-------- SUPPLIED MATERIAL
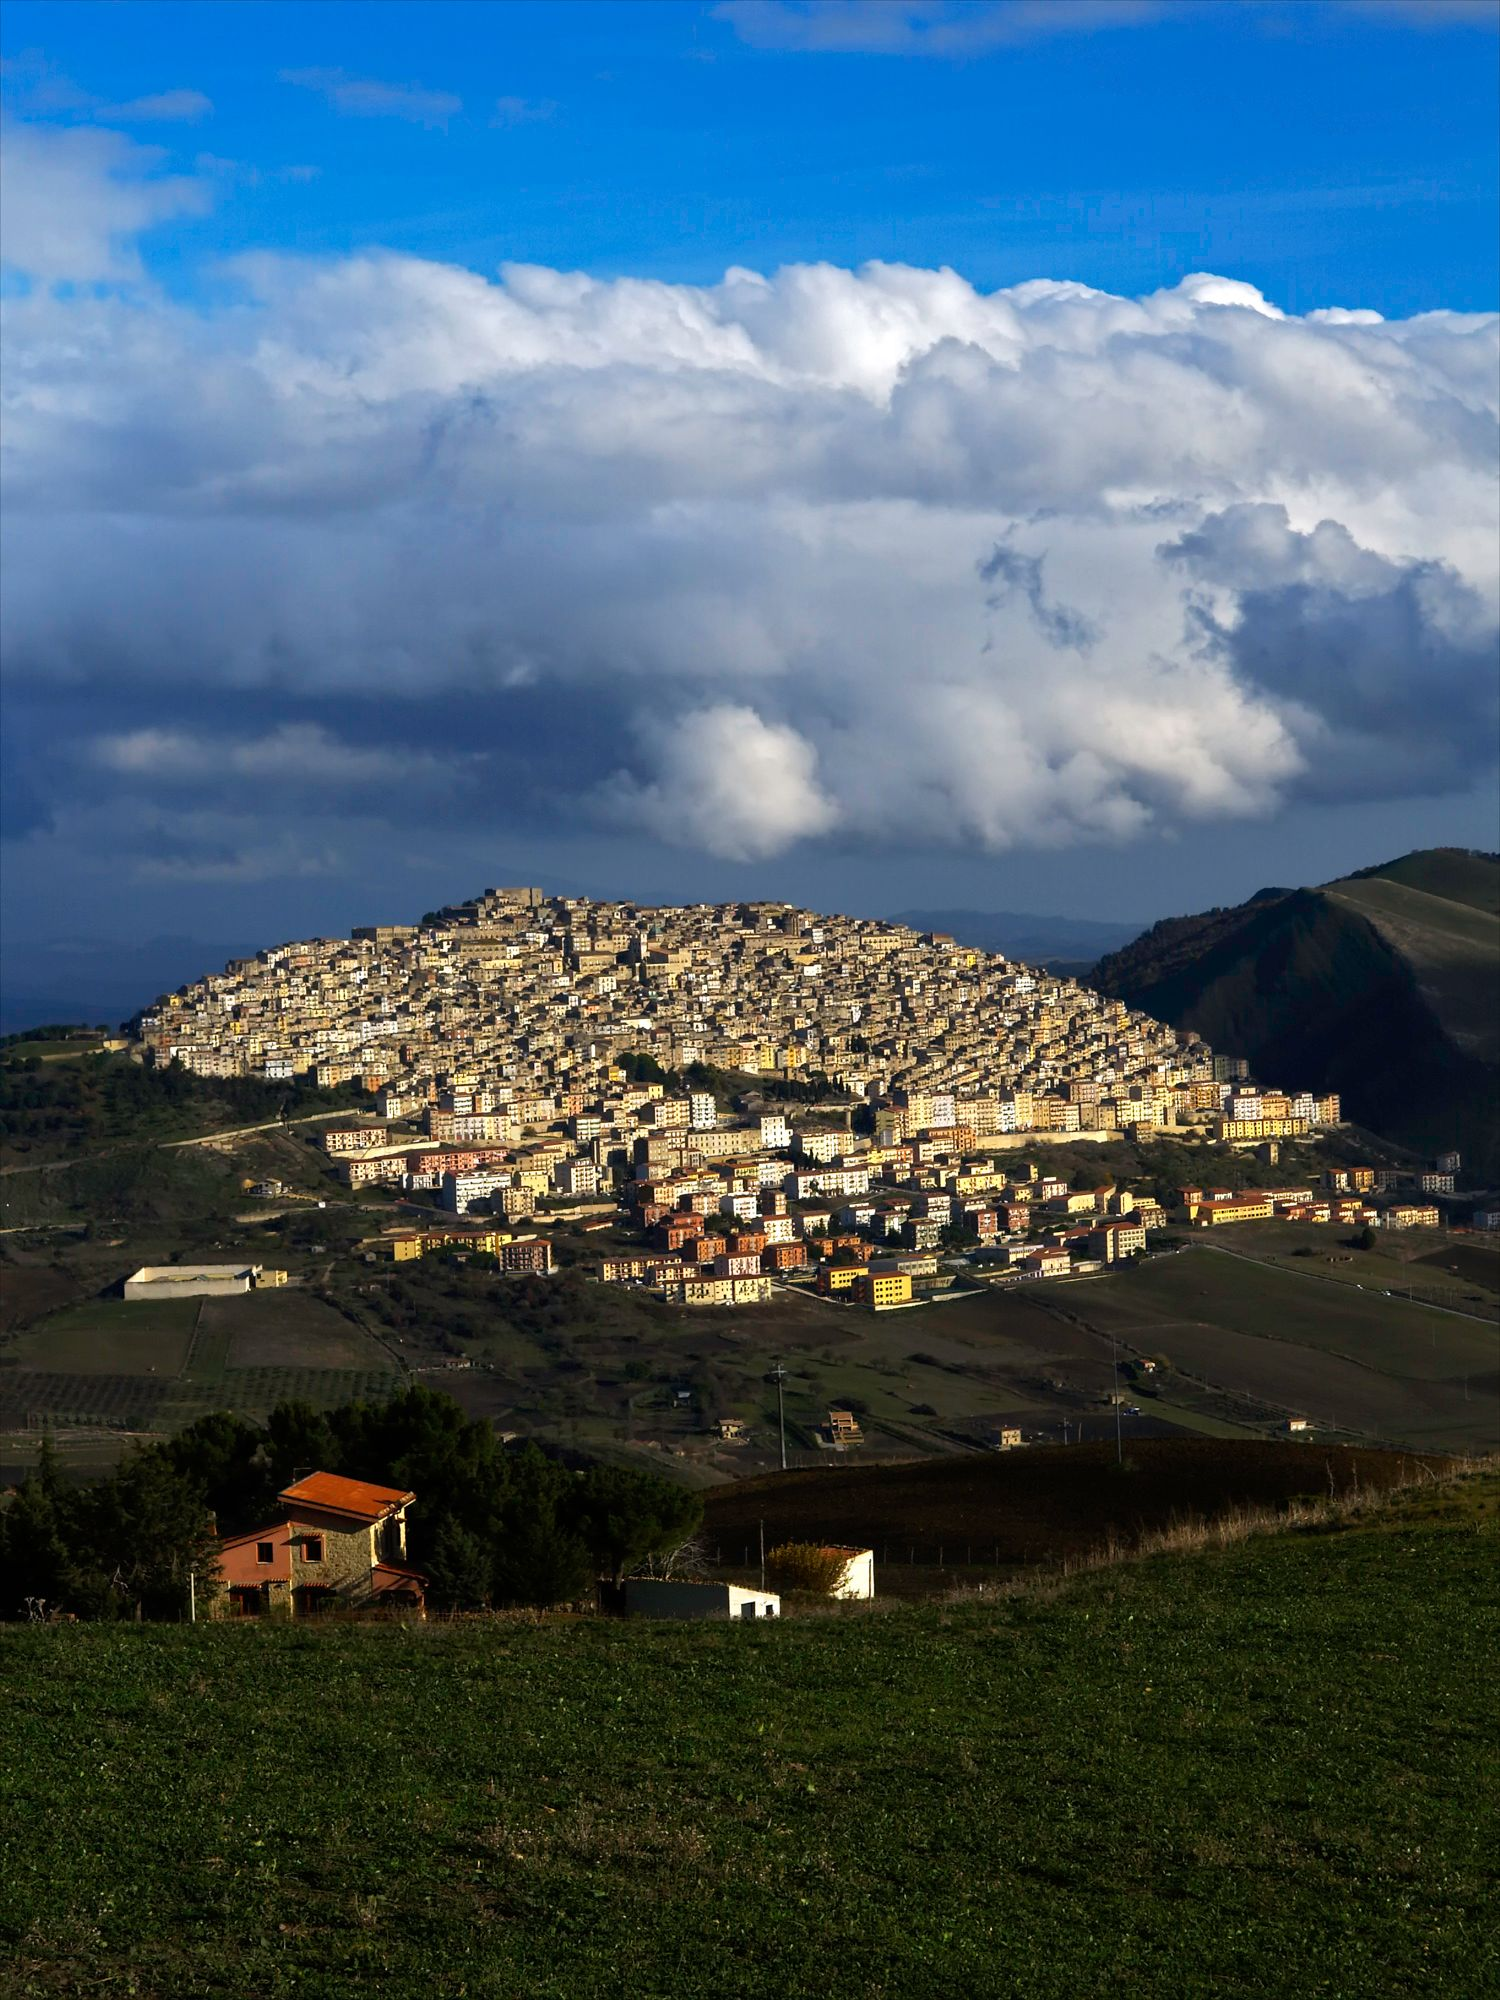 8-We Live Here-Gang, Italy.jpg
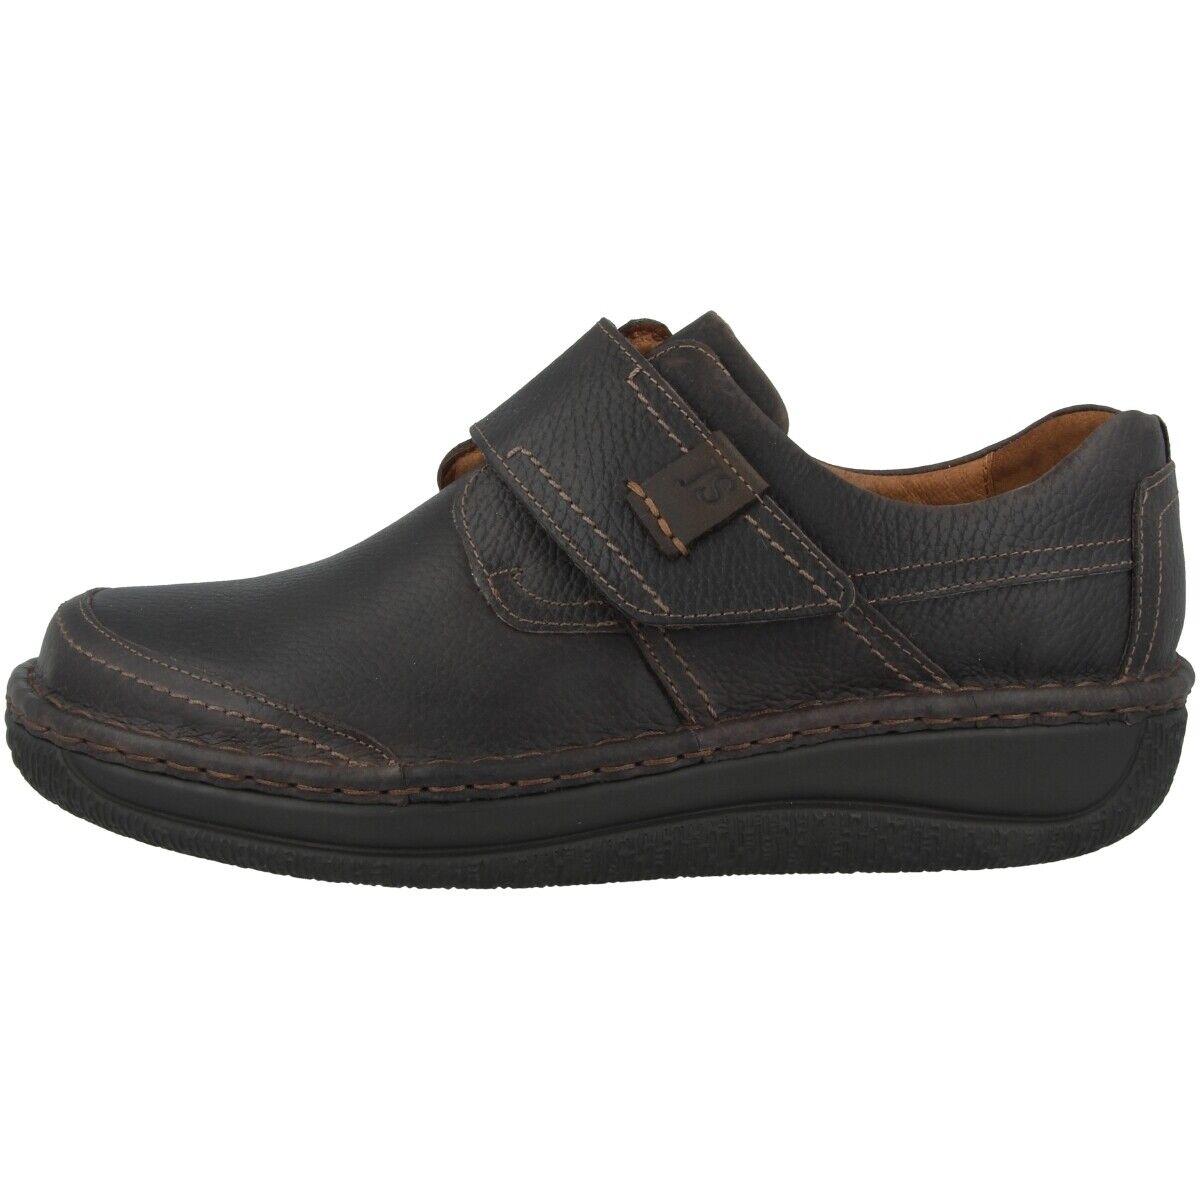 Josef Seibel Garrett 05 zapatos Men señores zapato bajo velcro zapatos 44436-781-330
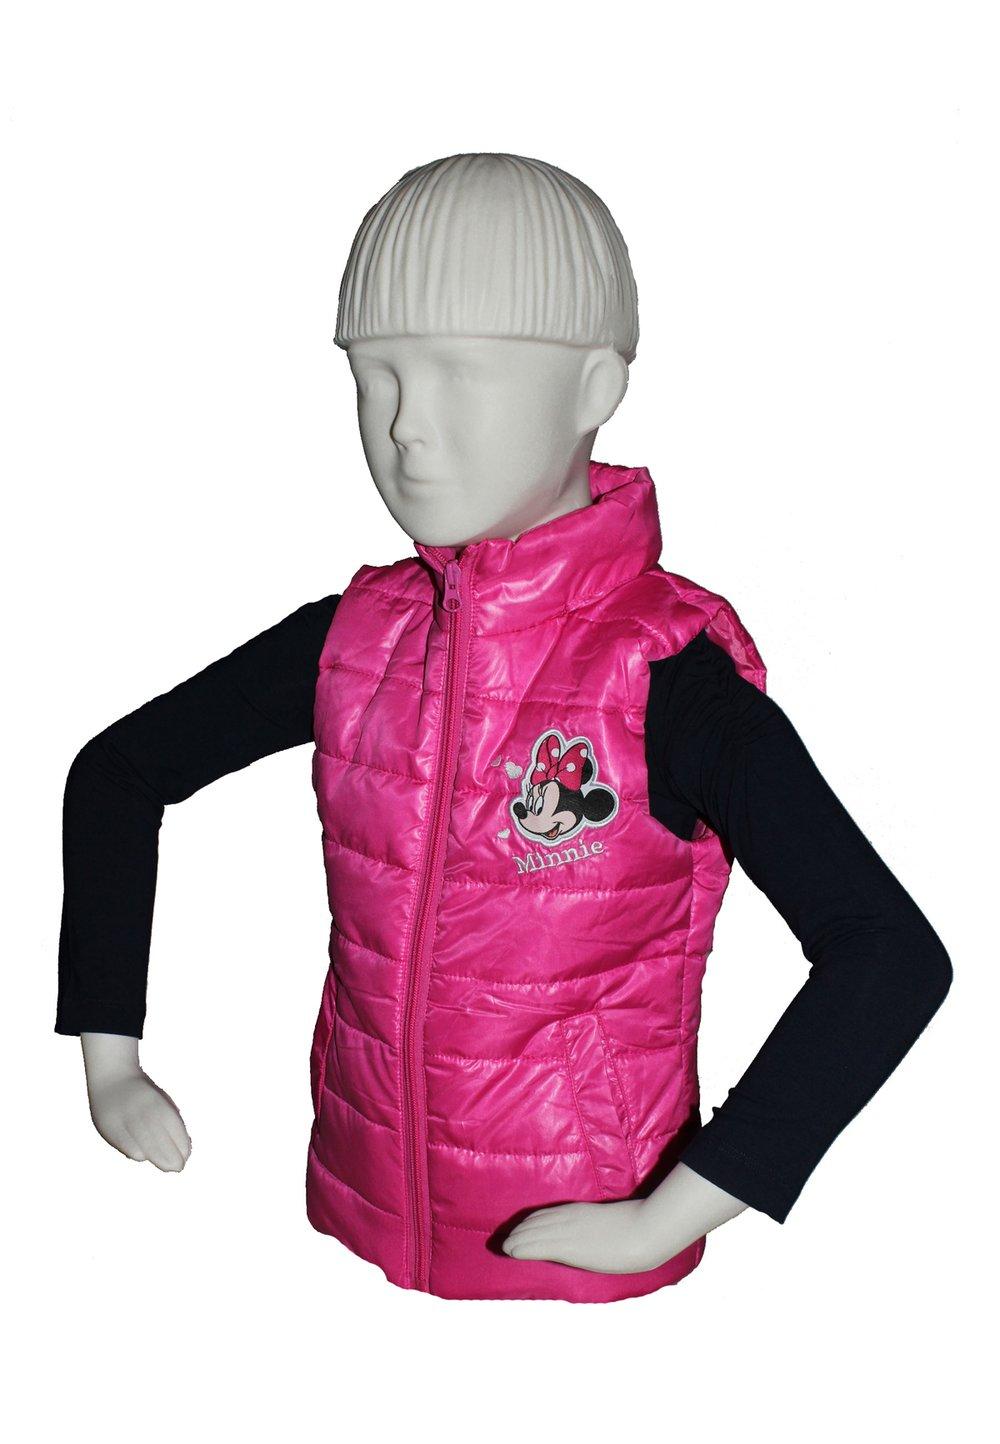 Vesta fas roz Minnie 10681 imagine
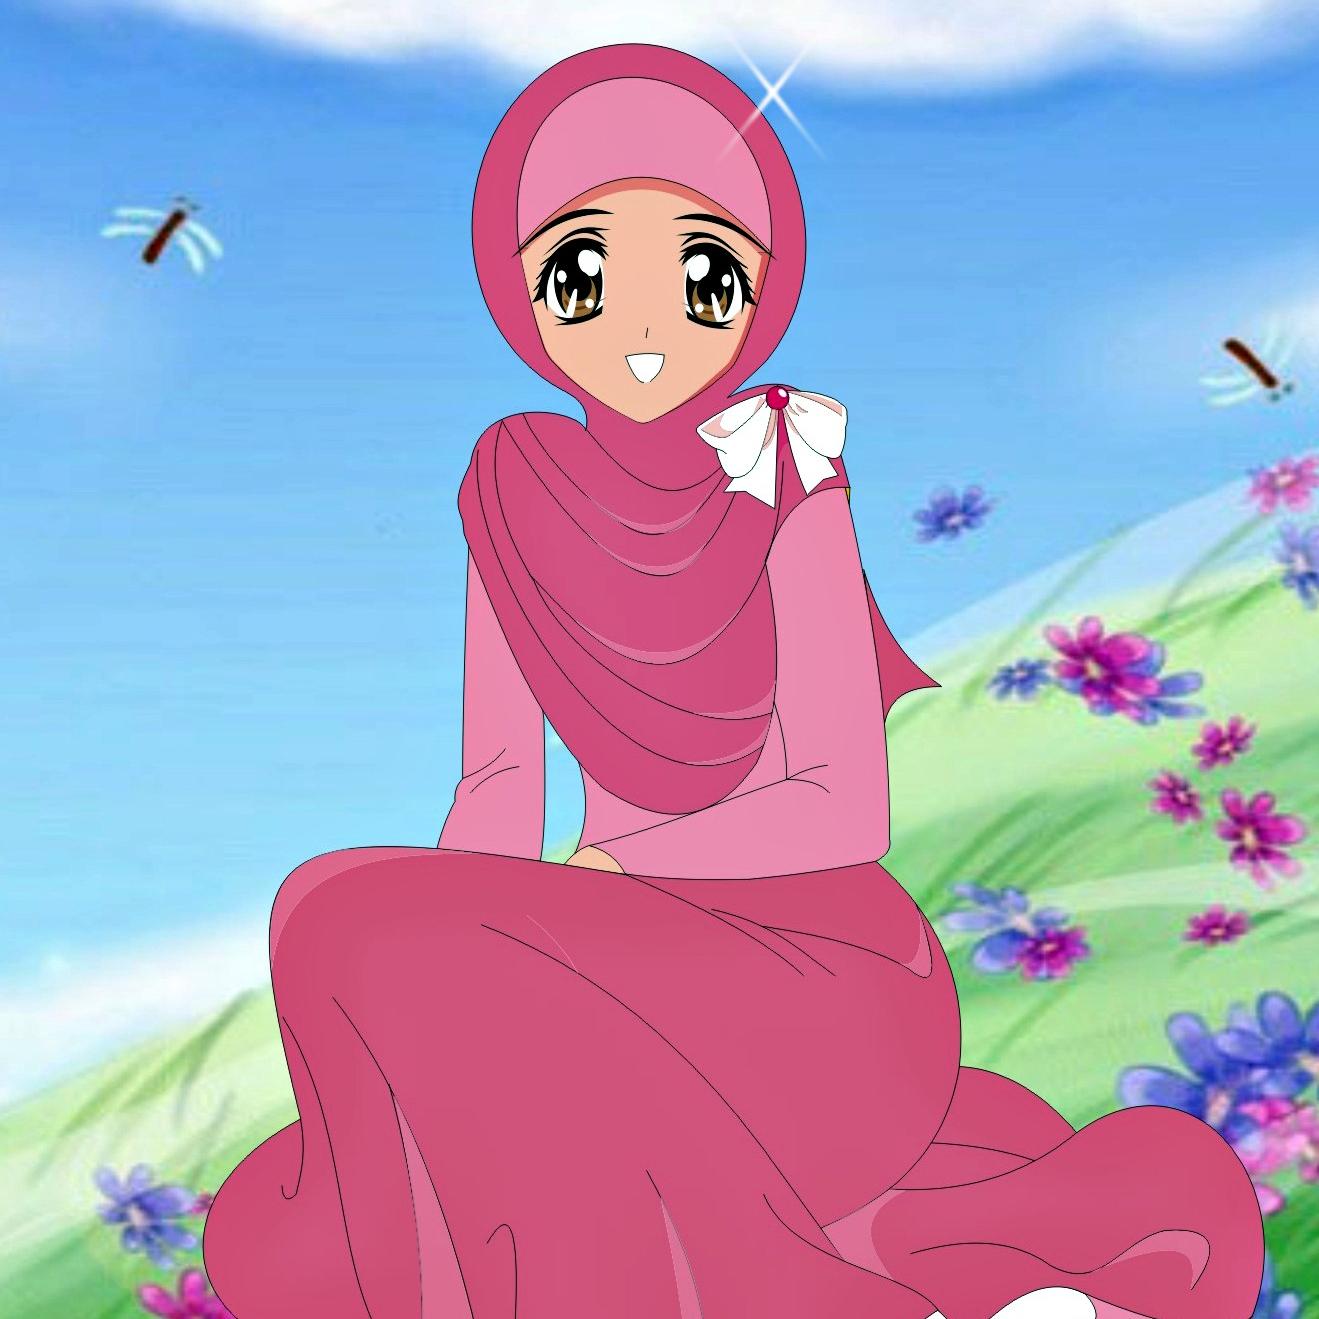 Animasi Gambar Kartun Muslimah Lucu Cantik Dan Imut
----------------
▶ [AIM OF THE EXERCISE]
Every line above should be copied exactly; do not carry over the pictures.

▶ [TASK OUTPUT]
 8-We Live Here-Gang, Italy.jpg
 Josef Seibel Garrett 05 zapatos Men señores zapato bajo velcro zapatos 44436-781-330
 Vesta fas roz Minnie 10681 imagine
 Animasi Gambar Kartun Muslimah Lucu Cantik Dan Imut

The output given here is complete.